When programming you need to know what is happening inside that function or method. You need to reproduce a bug or you are debugging a performance issue. Most of the time adding a trace statement is enough.

When debugging production, you’re not going to find the answer with a trace message on a remove server. At some point your app gets complicated enough that you need to see what’s actually happening — not guess. That’s where observability comes in.

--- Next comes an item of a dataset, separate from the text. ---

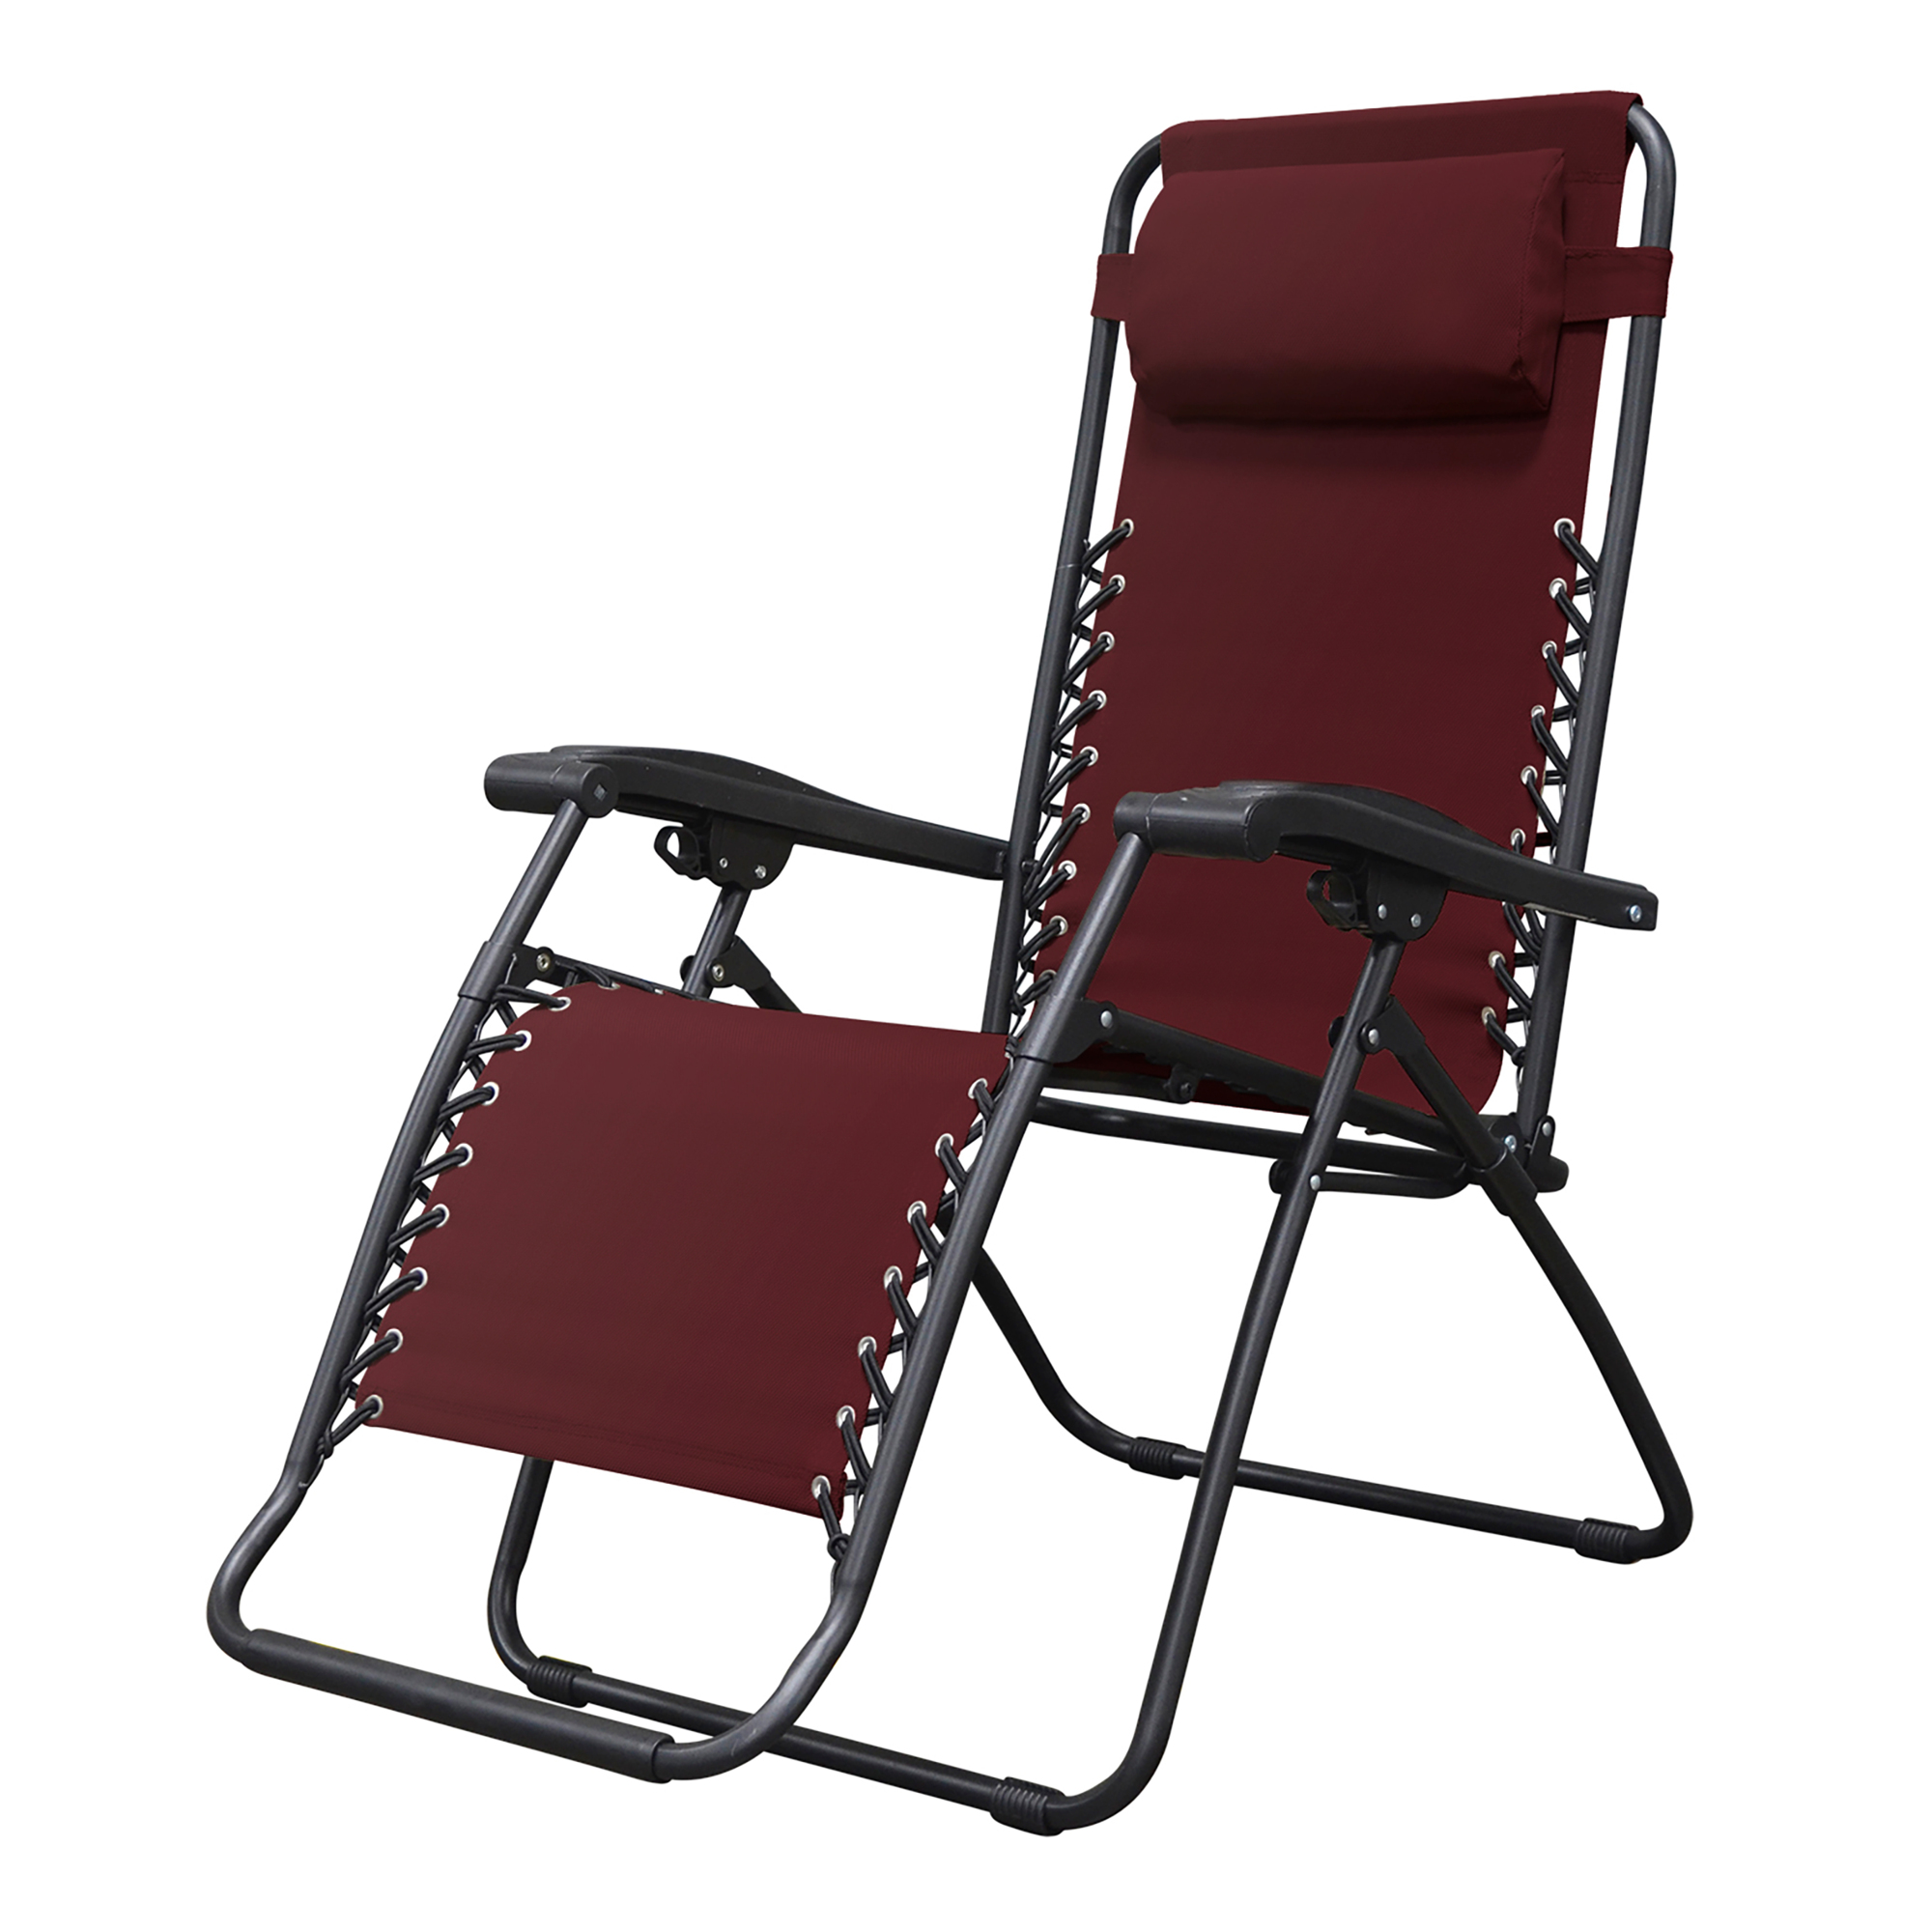 Caravan Canopy, Infinity Zero Gravity Chair Lounger, Primary Color Burgundy, Material Textile, Width 27.16 in, Model 80009000170

Observability means your system tells you what it’s doing: how long each operation takes, how often things fail, and what happened right before something went wrong. And it turns out the same signals that help you debug production are the ones that let you wire up AI-driven automation later — but that’s a story for another post. Today, let’s get the stack running locally.

What we’re building

We’ll be working with a Rails 8 chatbot app backed by a local LLM. The user sends a message, Rails enqueues a LlmResponseJob via SolidQueue, and the job calls an OpenAI-compatible API (Ollama, LM Studio, or any provider). This gives us something worth observing: HTTP requests, background jobs, and external API calls all in one flow.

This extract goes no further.